Structures, Roles, and Responsibilities

Assigning Accountability with RACI

The most common governance defect CISM tests is the unowned control — a safeguard nobody is accountable for, which decays silently. The remedy is a RACI matrix (Responsible, Accountable, Consulted, Informed). The hard rule the exam enforces: each activity has exactly one Accountable party. Multiple "Accountable" assignments mean no one is truly accountable.

Owner Versus Custodian

CISM is precise about two roles candidates routinely confuse:

• Data/information owner — typically a business executive who is accountable for the asset: decides its classification, approves who gets access, and accepts the risk. Ownership is a business role, not an IT role.
• Data custodian — typically IT/operations, responsible for implementing and operating the protections (backups, encryption, access provisioning) the owner specifies.

A stem asking "who decides the classification of customer records?" points to the business data owner, not the database administrator (a custodian). Conversely, "who configures the encryption?" points to the custodian. The owner sets direction; the custodian executes — the governance/management split appearing again at the data level.

CISO Reporting Line and Independence

Where the CISO reports is a governance signal, not an org-chart detail. Reporting into the Chief Information Officer (CIO) creates a conflict of interest: the CIO is incentivized toward delivery and uptime, which can suppress security concerns. CISM prefers reporting lines that preserve independence — to the CEO, a chief risk officer, or with a dotted line to the audit committee of the board. The principle being tested is segregation of duties: the party that builds and runs systems should not be the sole party assuring their security.

The Security Steering Committee

A security steering committee is the cross-functional body — business unit leaders, IT, legal, risk, and the CISO — that aligns security investment with business priorities and arbitrates competing demands. Its existence is the structural mechanism that turns the board's governance direction into prioritized, funded action and gives the security strategy legitimacy across the enterprise. On the exam, when a program lacks business buy-in or funding, the structural fix is often "establish (or activate) the steering committee," not "the CISO should decide alone."

Use this quick mapping when a stem asks "who should...":

• Approve security strategy and budget envelope: board / executive management.
• Set classification and approve access for an asset: data owner.
• Implement and operate the safeguard: data custodian.
• Prioritize security initiatives across business units: steering committee.
• Run the program day to day and report assurance: CISO.

Getting these role boundaries right is worth disproportionate points because Domain 1 questions repeatedly hinge on "who is accountable" versus "who is responsible."

Segregation of Duties and Conflicts to Watch

Segregation of duties (SoD) ensures no single individual can both perform and conceal an improper action.
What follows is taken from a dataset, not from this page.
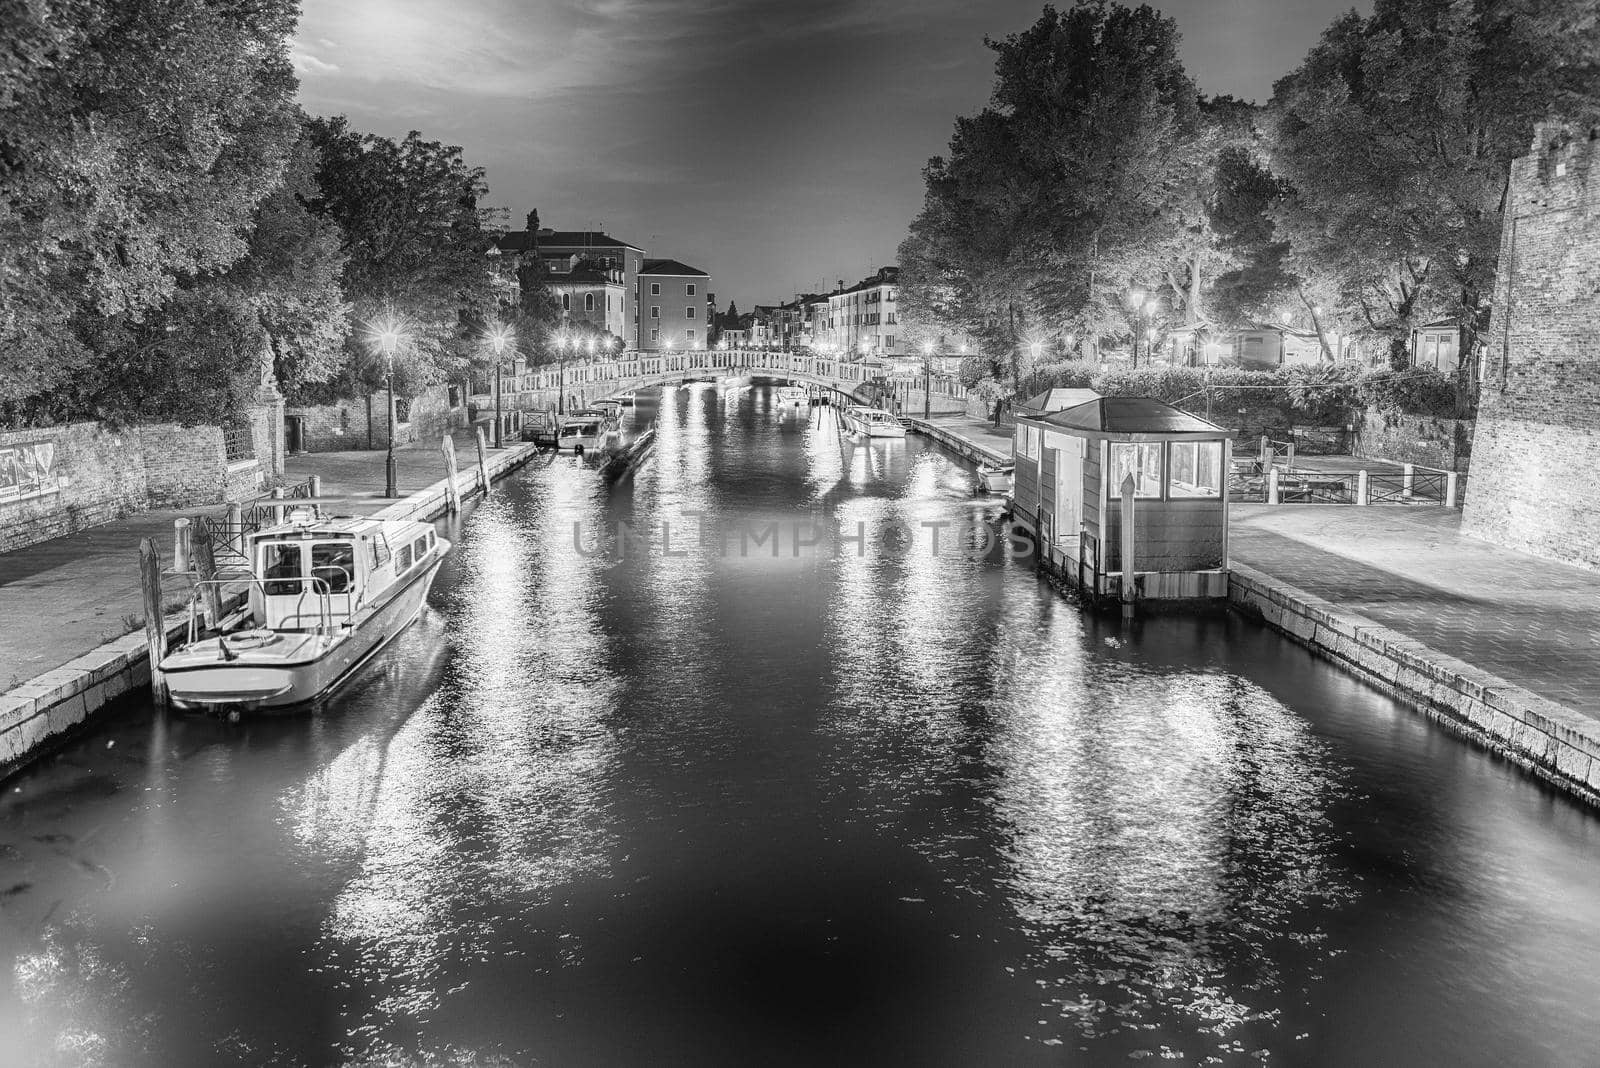 View over the scenic canal Rio Marin, Venice, Italy by marcorubino

CISM tests it as a structural control, not a technical one. The classic conflicts a manager must design out:

• The person who develops code should not be the sole person who deploys it to production.
• The person who requests access should not be the same person who approves and grants it.
• The team that operates controls should not be the only team that assures their effectiveness — hence an independent audit or risk function.

Where headcount is too small to separate duties (common in smaller enterprises), the governed answer is compensating controls: management review, logging and independent log review, and mandatory vacation or job rotation. The wrong answer is "accept it because we are small" without compensating controls and management sign-off.

Mapping a Scenario to the Right Body

Questions often describe a dysfunction and ask for the structural fix. Use this lookup:

The Three Lines Model

Many boards organize accountability using the three lines model: the first line (operational management) owns and manages risk; the second line (risk and compliance functions, often including the security policy function) sets standards and monitors; the third line (internal audit) provides independent assurance to the board. The CISO and security operations generally sit in the first and second lines, while audit stays in the third to preserve independence.

A question that asks who provides independent assurance points to internal audit (third line), whereas who manages day-to-day risk points to operational management (first line). Recognizing these lines keeps you from assigning assurance to the same group that runs the controls, which is the SoD violation CISM most wants you to catch.